Jim Bludsoe

DESCRIPTION: Jim Bludso(e) was foul-mouthed, keeping more than one girl (wife?), and often found near a fight. But he is a good man underneath. When the Prairie Belle catches fire, he keeps the engine running long enough that every passenger lives although he dies
AUTHOR: John Hay (1838-1905)
EARLIEST DATE: 1871 (Pike County Ballads; see NOTES)
KEYWORDS: death ship disaster fire
FOUND IN: US(MW)
REFERENCES (4 citations):
Peters-FolkSongsOutOfWisconsin, pp. 240-241, "Jim Bludsoe" (1 text)
Johnson-BawdyBalladsAndLustyLyrics, pp. 94-96, "Jim Bludso" (1 text)
ADDITIONAL: Martin Gardner, editor, _Famous Poems from Bygone Days_, Dover, 1995, pp. 85-87, "Jim Bludso of the Prairie Belle" (1 text)
Michael R. Turner, _Victorian Parlour Poetry: An Annotated Anthology_, 1967, 1969 (page references are to the 1992 Dover edition), pp. 167-168, "Jim Bludso of the Prairie Belle" (1 text)

ST Pet240 (Partial)
Roud #9087
CROSS-REFERENCES:
cf. "Grouchy Bill" (theme of a dead rescuer)
cf. "John Maynard" (theme of a heroic crewman on a burning ship)
NOTES [498 words]: Some readers may have heard this sung rather than recited, perhaps by Cathy Barton and Dave Para, but all tunes are modern (e.g.
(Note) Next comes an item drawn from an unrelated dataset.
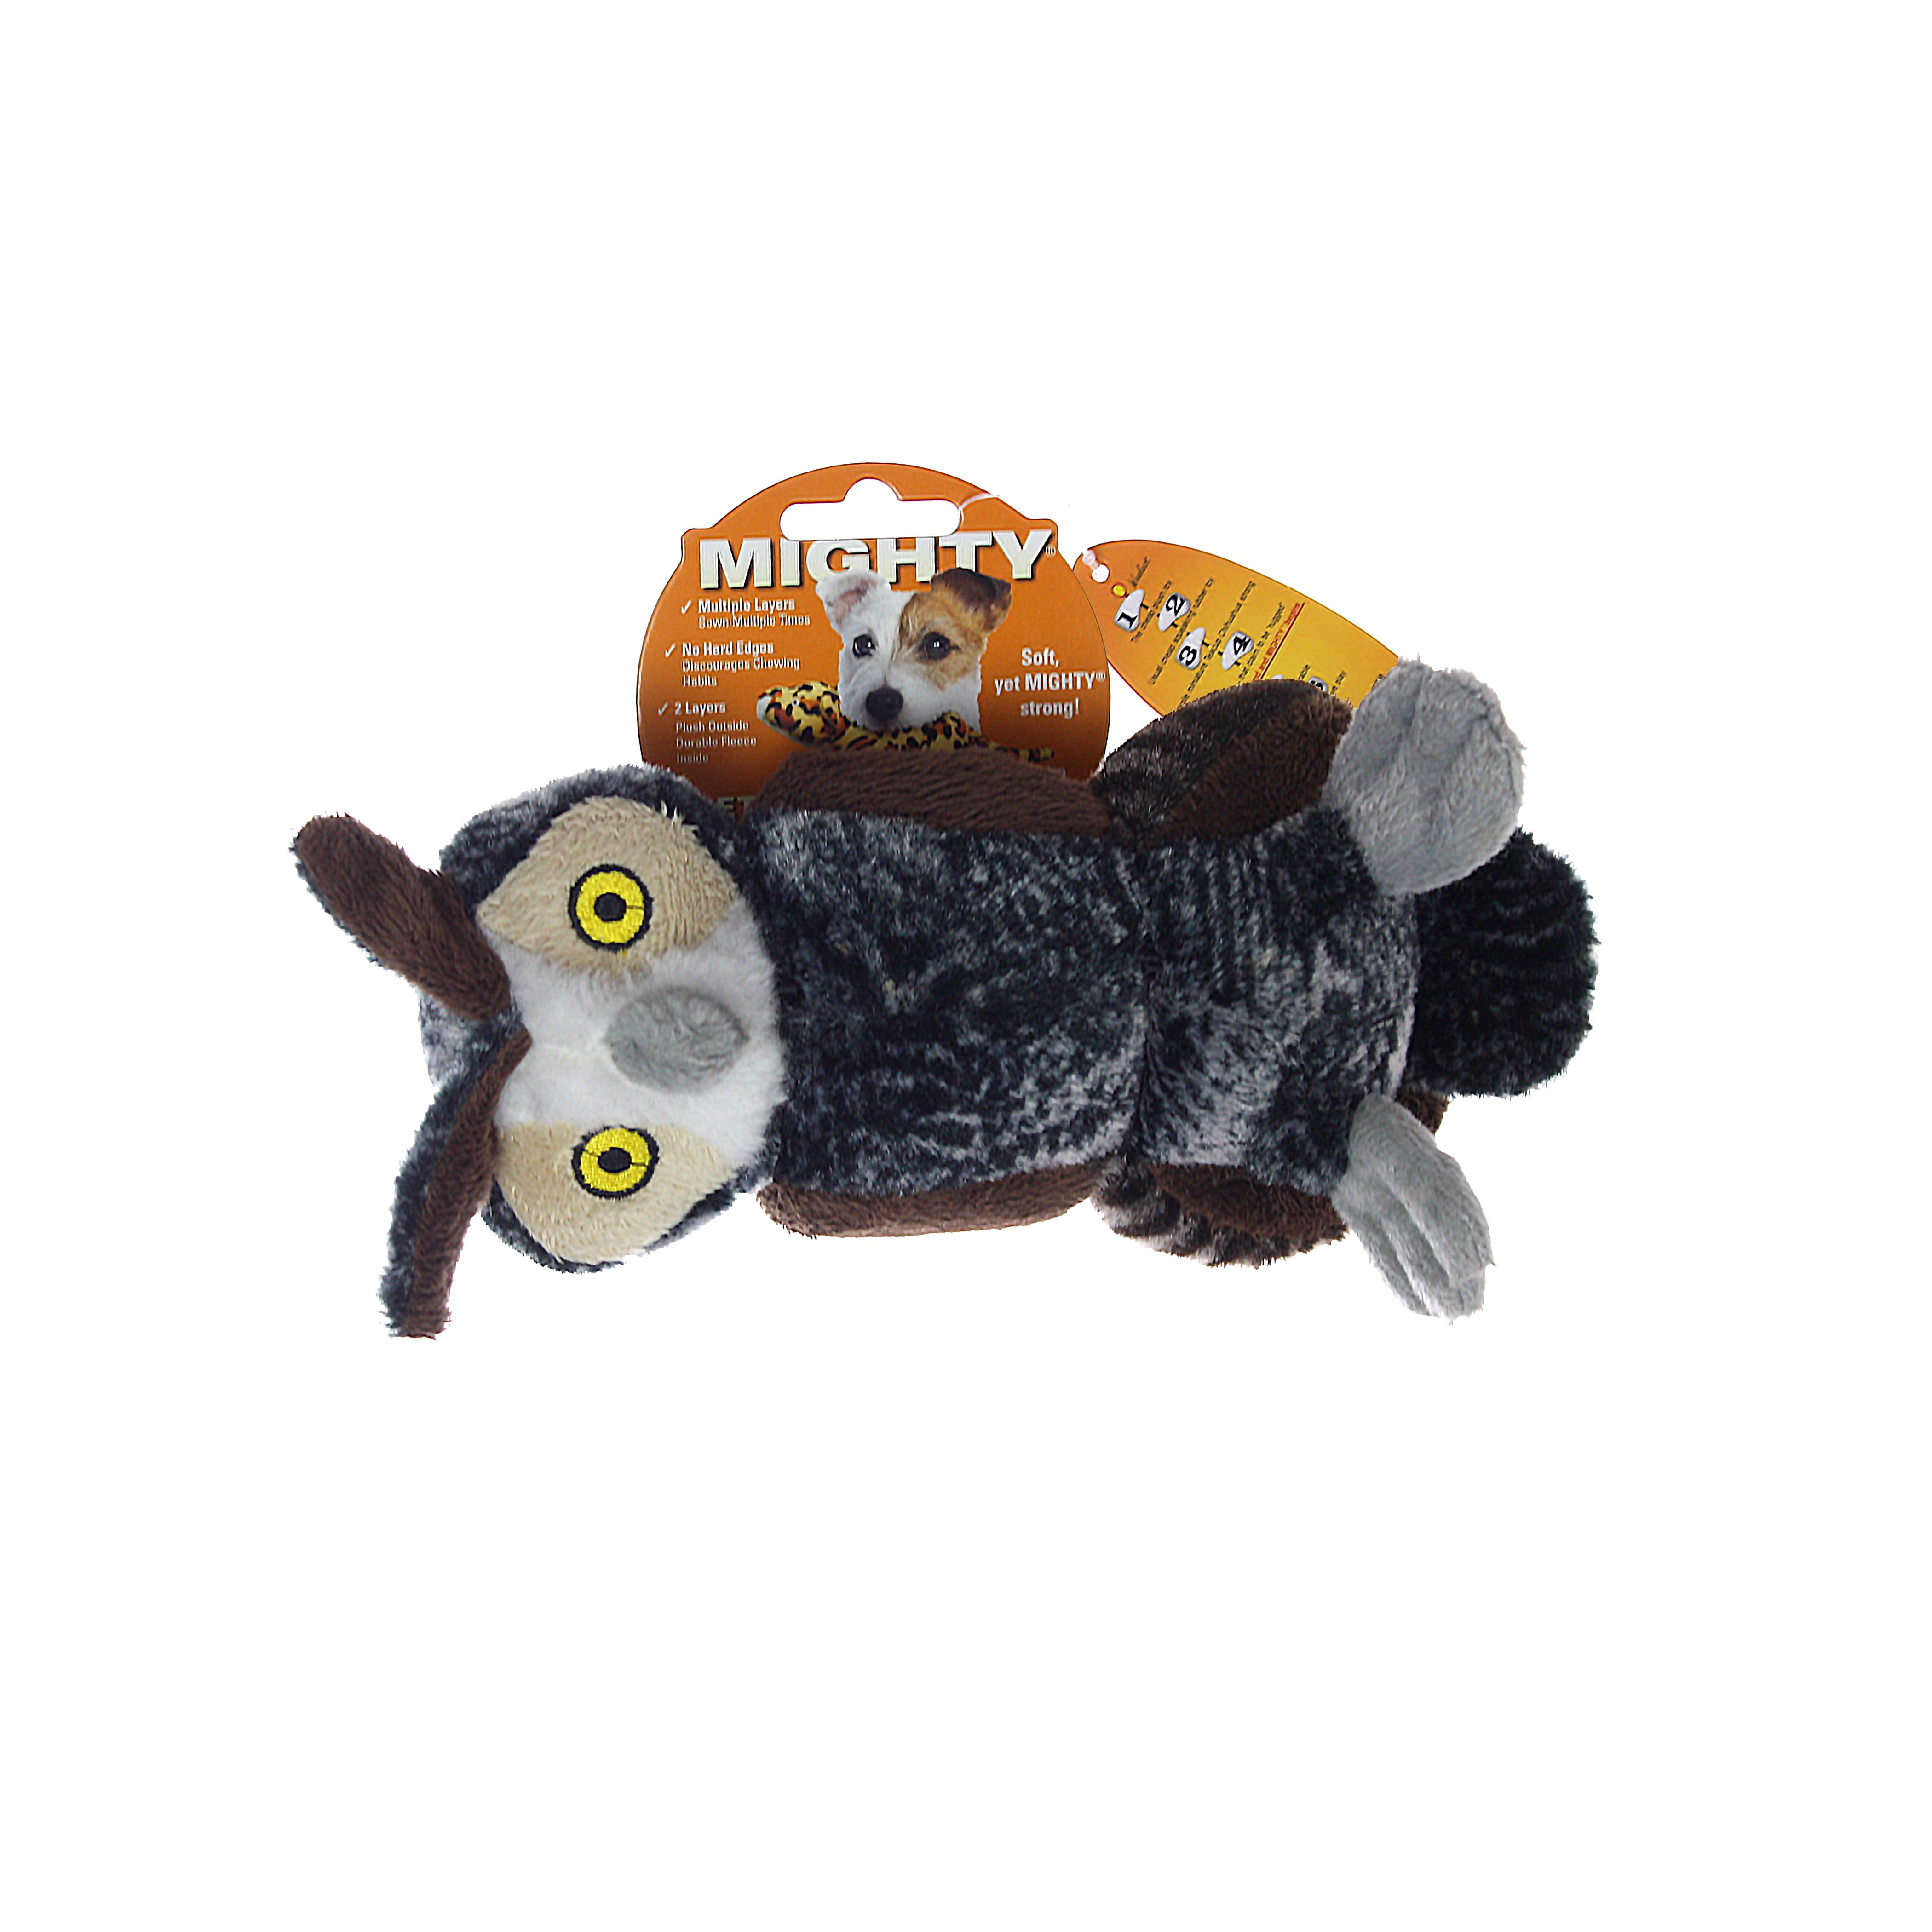 Mighty Junior Nature Owl, Plush and Durable Dog Toy - Walmart.com

Para supplied the melody for the Barton/Para recording). It is properly a poem -- probably the best-known work of John (Milton) Hay, a sort of a latter-day Chaucer in that he was both statesman and poet.
Jameson, p. 298, sums up the early part of Hay's career as follows: he was "born in 1838, was assistant secretary to President Lincoln in 1861. He served several months in the Civil War, and from 1865 to 1867 was secretary of legation to Paris, charge d'affairs at Vienna until 1868, and secretary at Madrid until 1870. He became associated with the New York Tribune, and from 1879 to 1881 was First Assistant Secretary of State. He is widely known for his dialect sketches and poems, and for Nicolay and Hay's life of Lincoln."
Nicolay is John Nicolay, Lincoln's other private secretary; it was he who convinced Lincoln to hire Hay in 1861 (CDAB, p. 415). Their joint work, published 1890, was Abraham Lincoln: A History (Boatner, p. 388); it ran to ten volumes (Hart, p. 358).
Hay's literary output was modest: "He is known for his Pike County Ballads... (1871), frontier poems in dialect, and The Breadwinners (1884), a novel published anonymously" (Benet, p. 486). CDAB, p. 416, described the latter as "a satirical novel which attacked labor unions and defended economic individualism." This poem is from Pike County Ballads, and is based on the story of an actual engineer named Oliver Fairchild (Benet, p. 560).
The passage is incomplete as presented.